▸ **Exercise brief**:
Reproduce the listing below word for word and exclude any picture.

▸ **Data shown**:
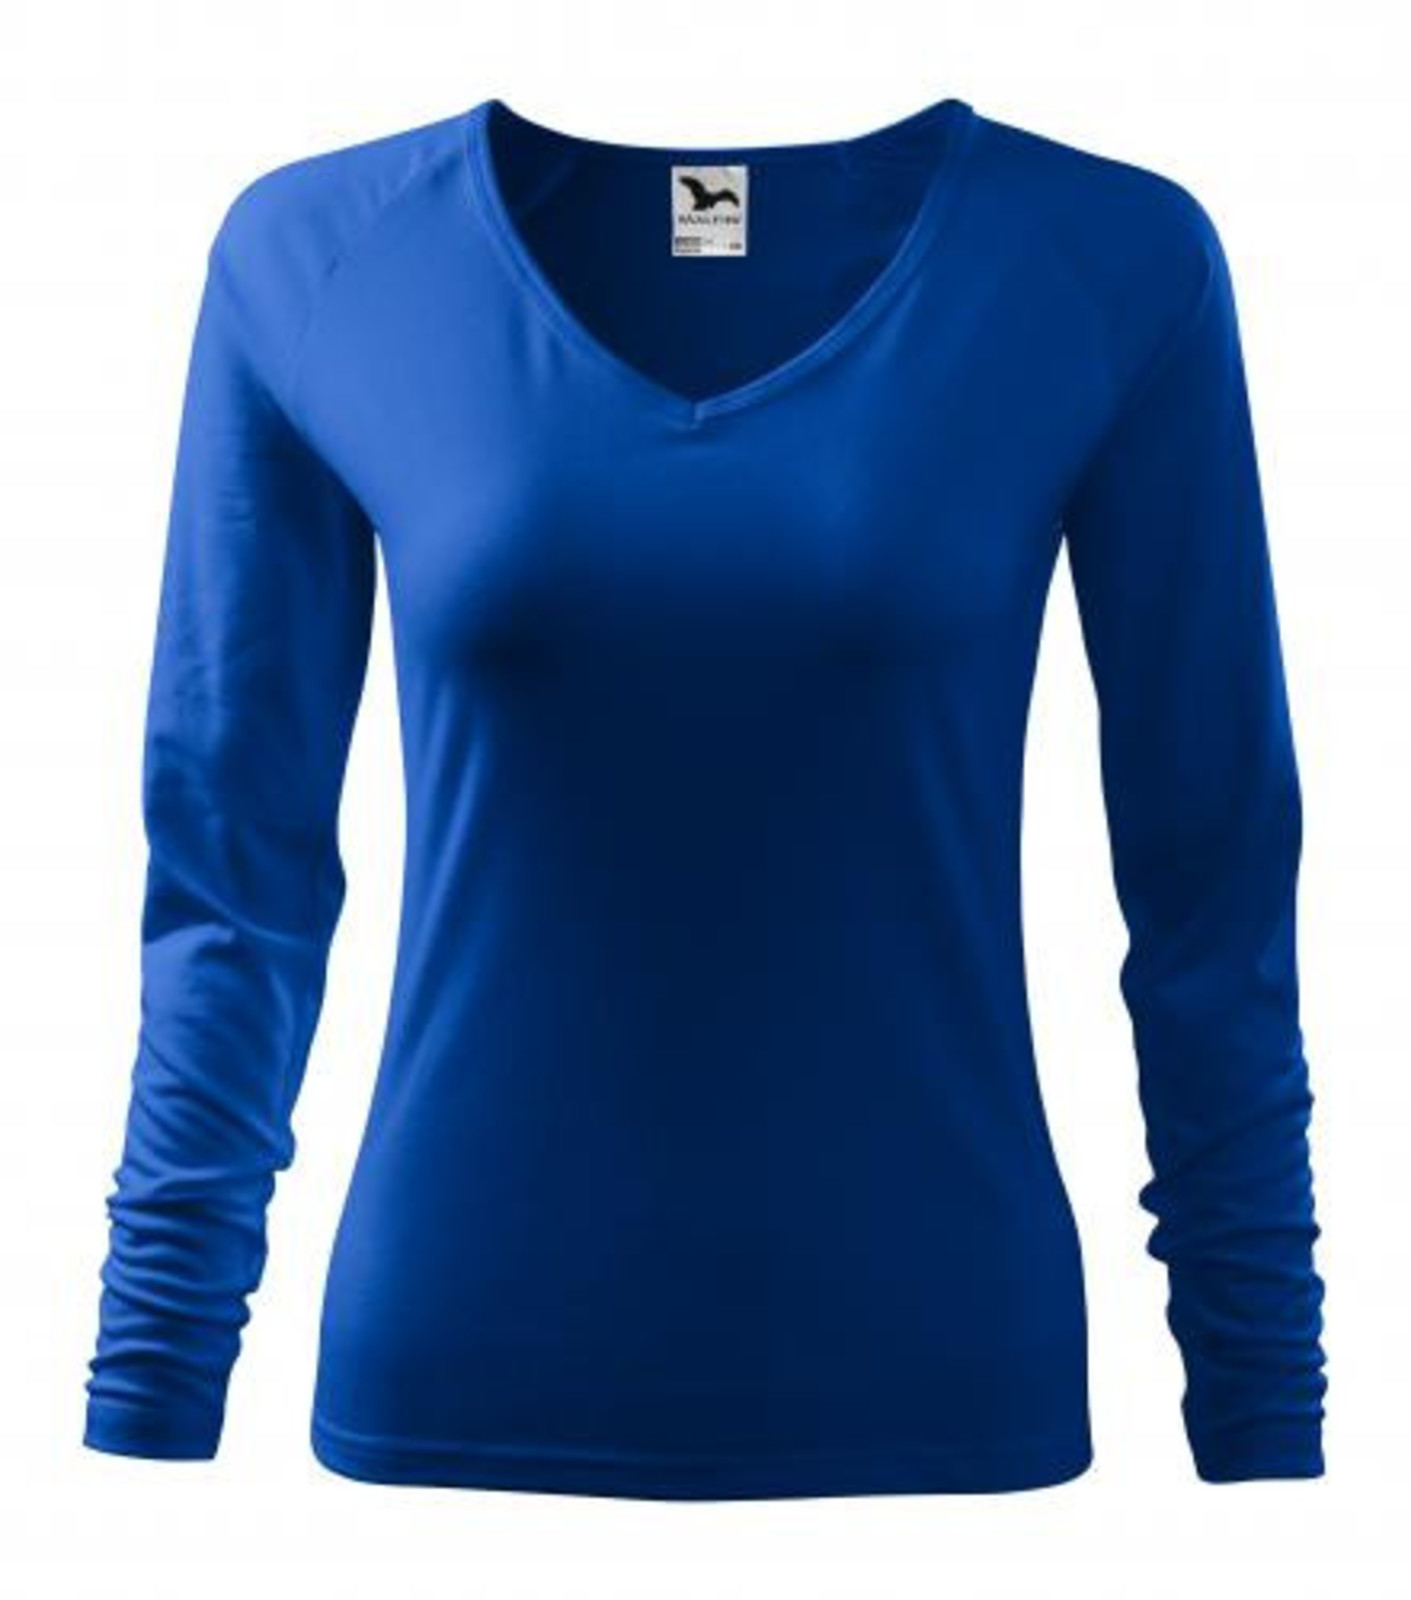 Dámske tričko s dlhým rukávom Adler Elegance 127 - veľkosť: L, farba: kráľovská modrá
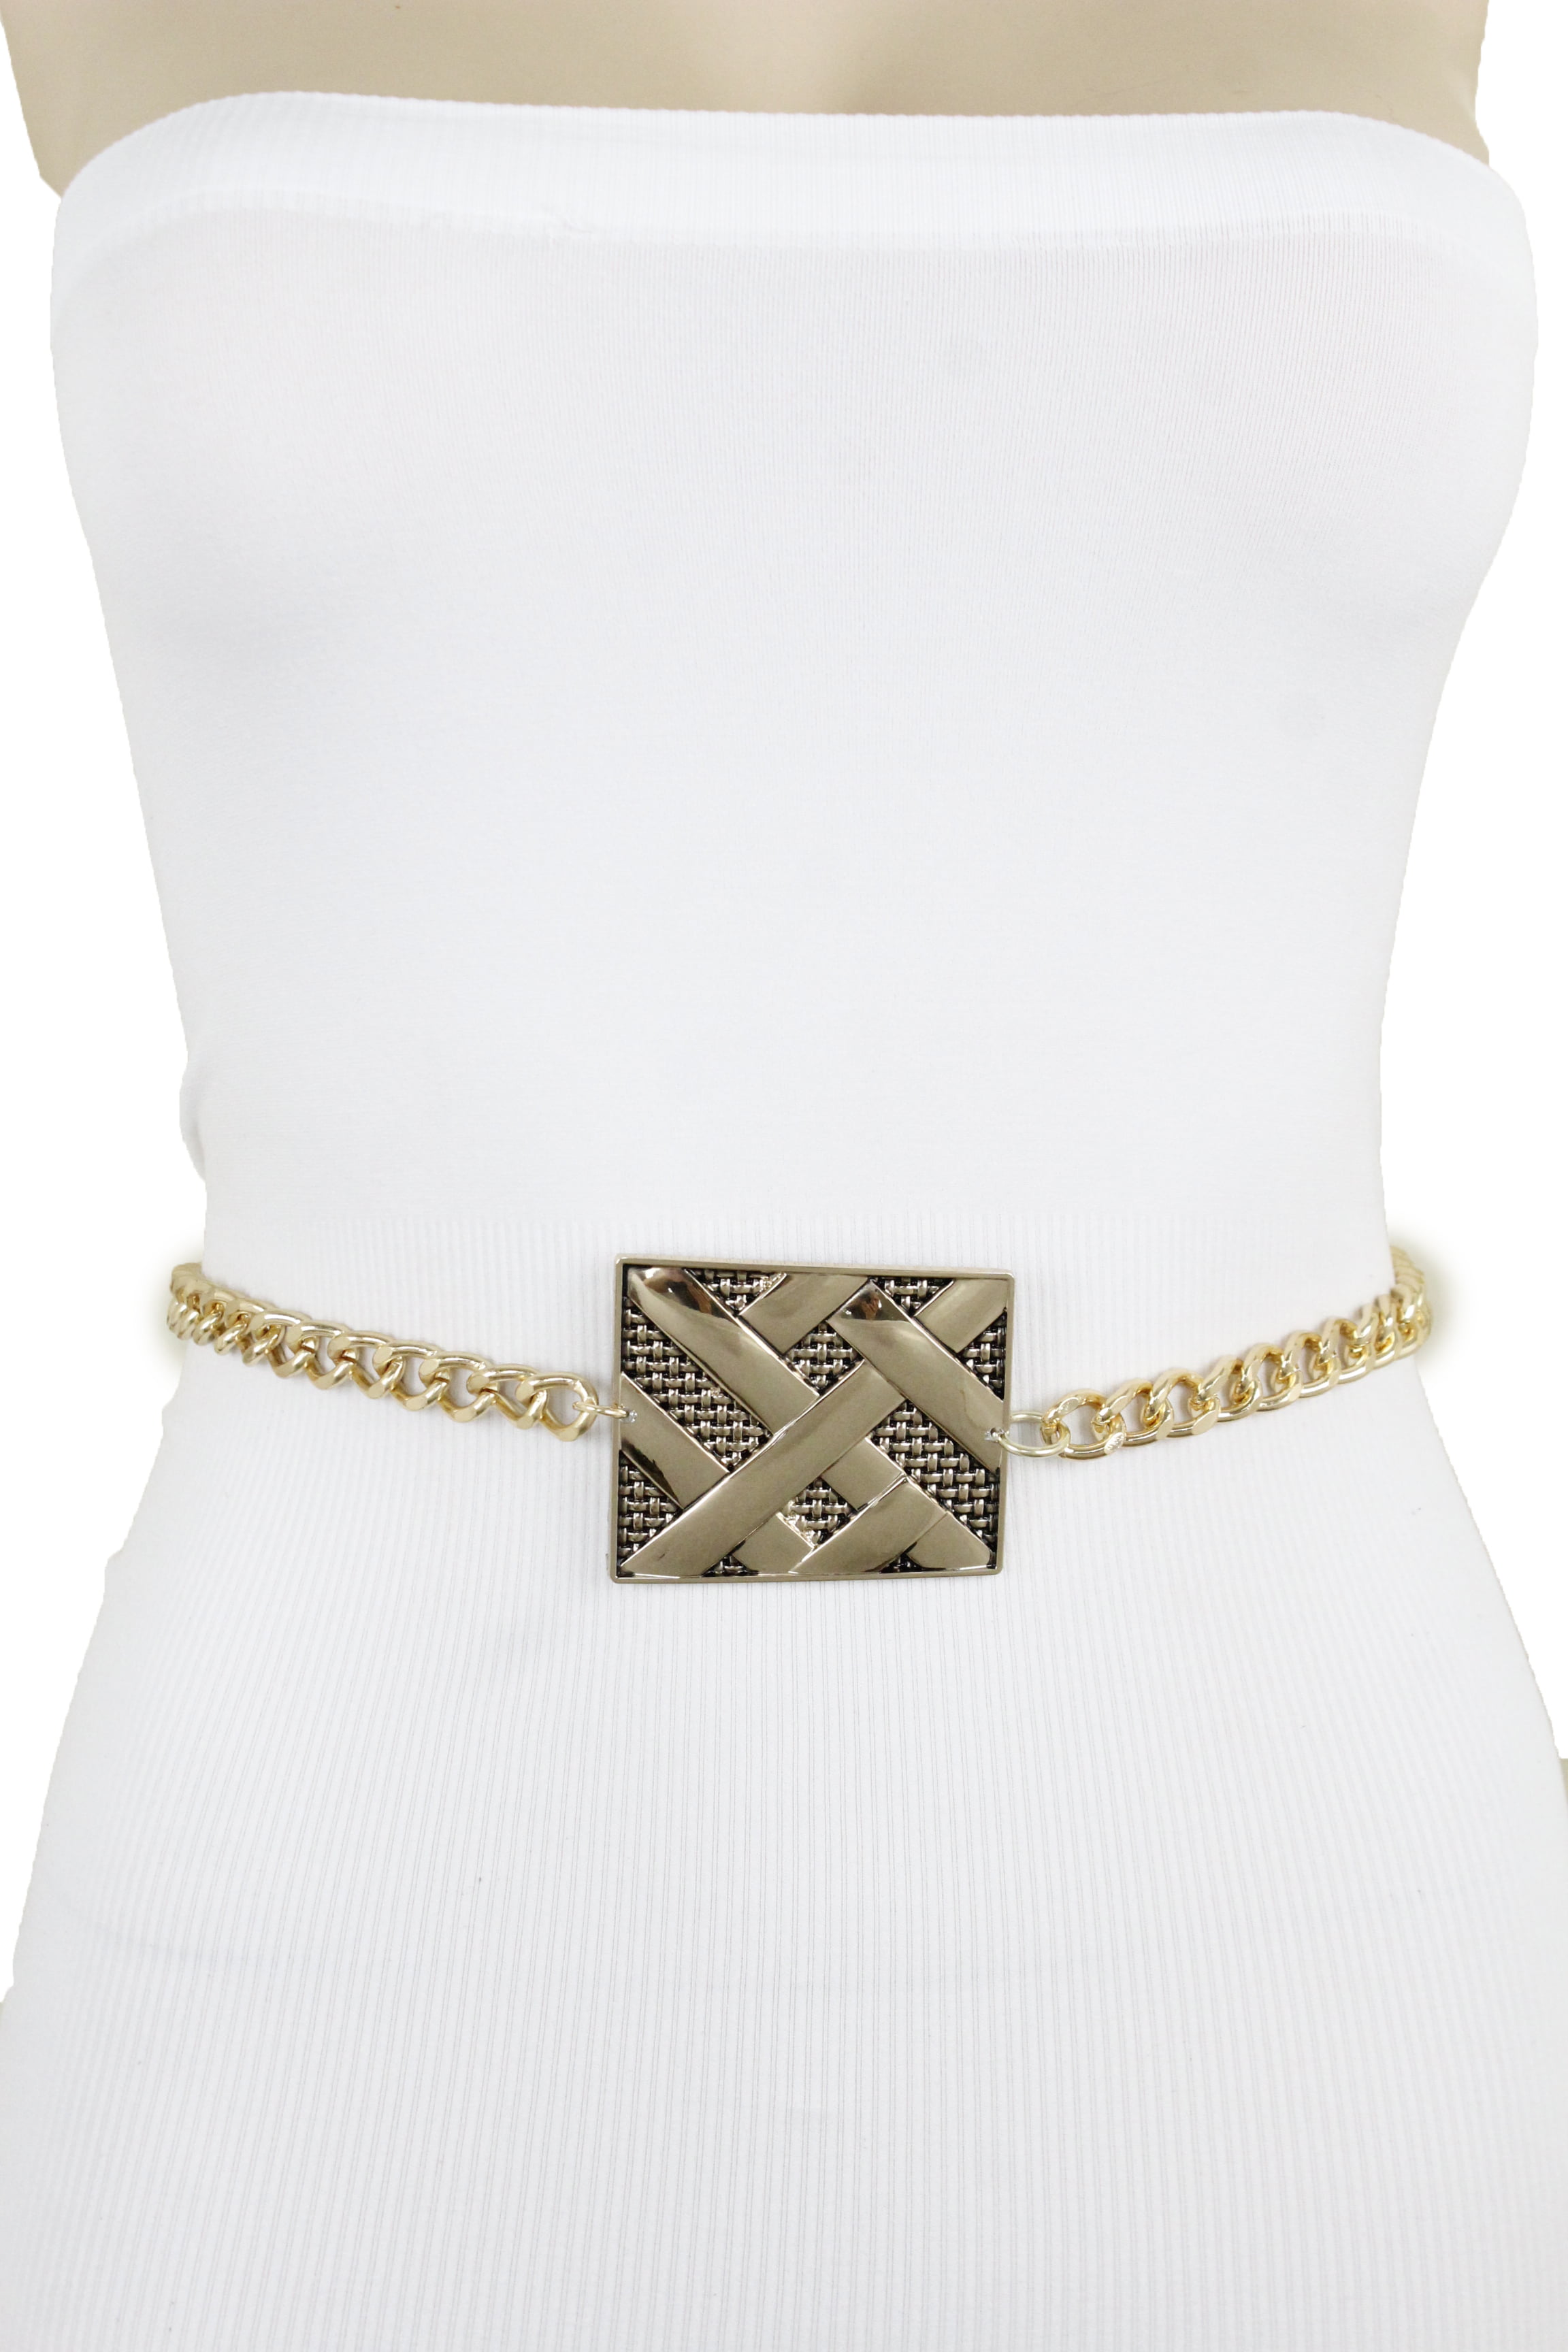 Fancy Women Gold Metal Chain Skinny Belt Bling Western Charm Buckle Plus XL XXL 
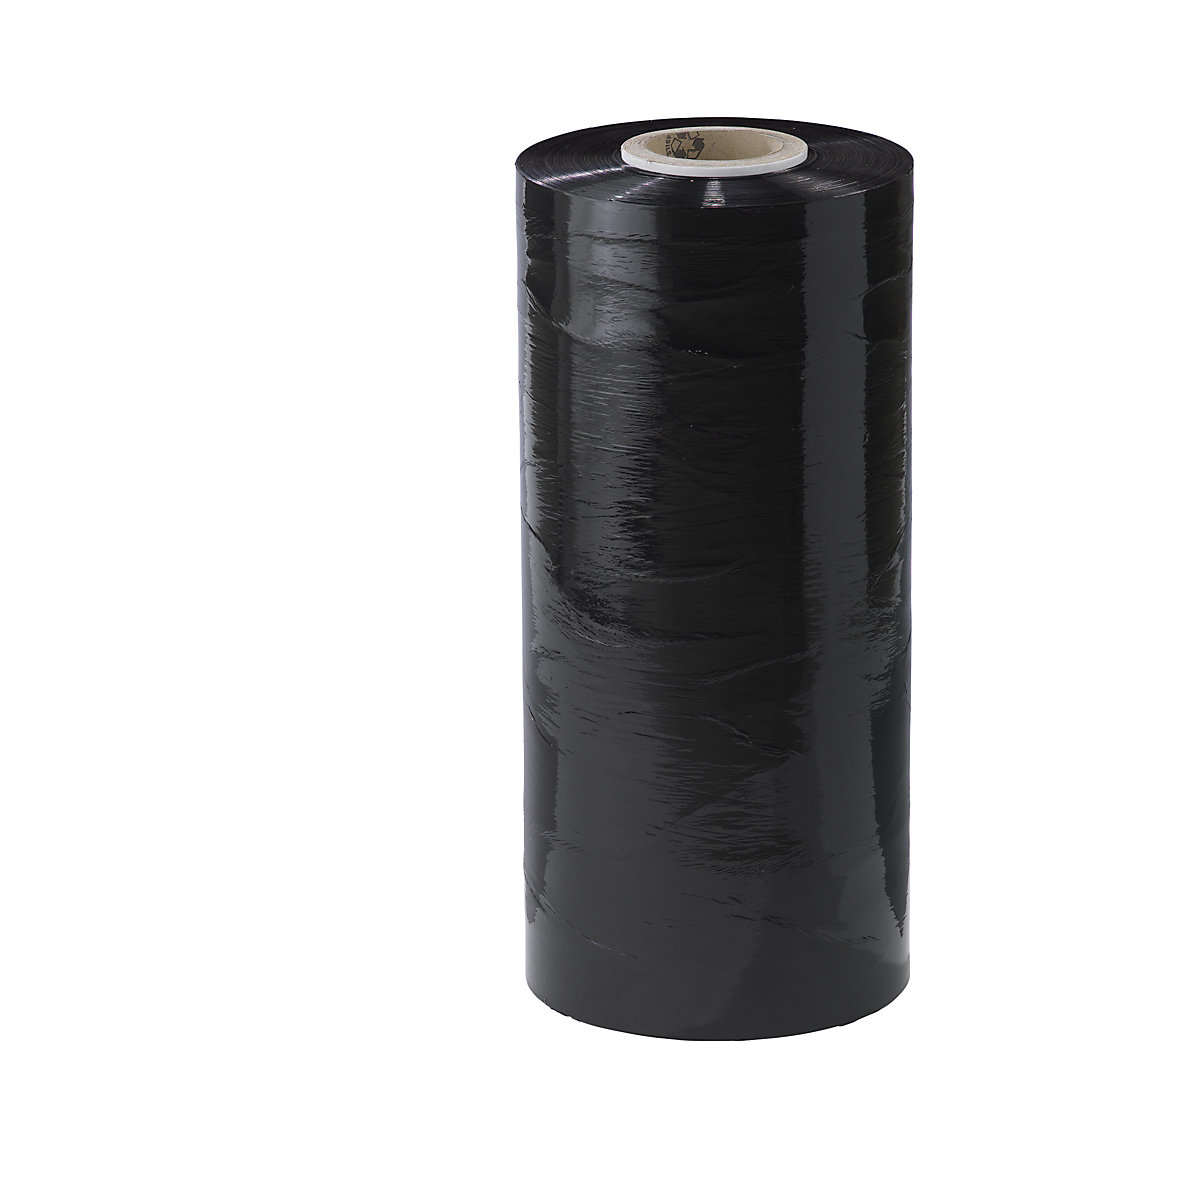 Película estirável para máquinas em PE, largura 500 mm, a partir de 1 embalagem, espessura da película 23 µm, embalagem de 15 unid., preto-1
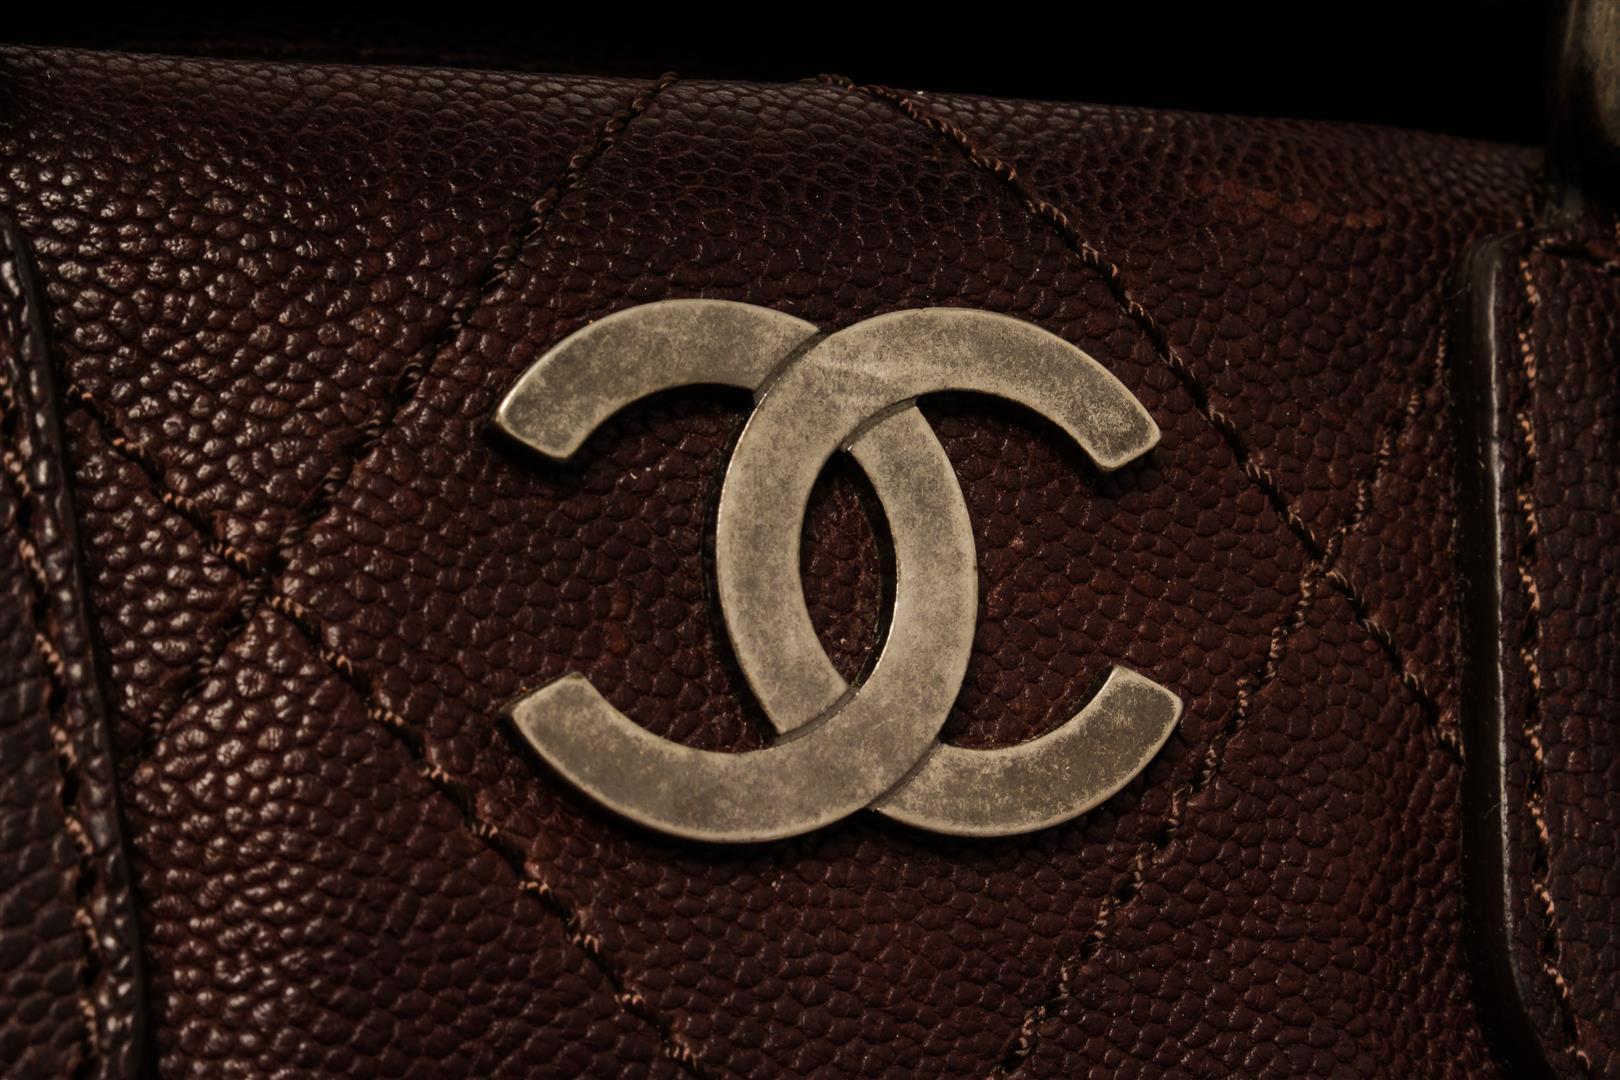 Chanel Brown Leather CC Handbag

▸ **Reply**:
 Dámske tričko s dlhým rukávom Adler Elegance 127 - veľkosť: L, farba: kráľovská modrá
 Fancy Women Gold Metal Chain Skinny Belt Bling Western Charm Buckle Plus XL XXL 
 Película estirável para máquinas em PE, largura 500 mm, a partir de 1 embalagem, espessura da película 23 µm, embalagem de 15 unid., preto-1
 Chanel Brown Leather CC Handbag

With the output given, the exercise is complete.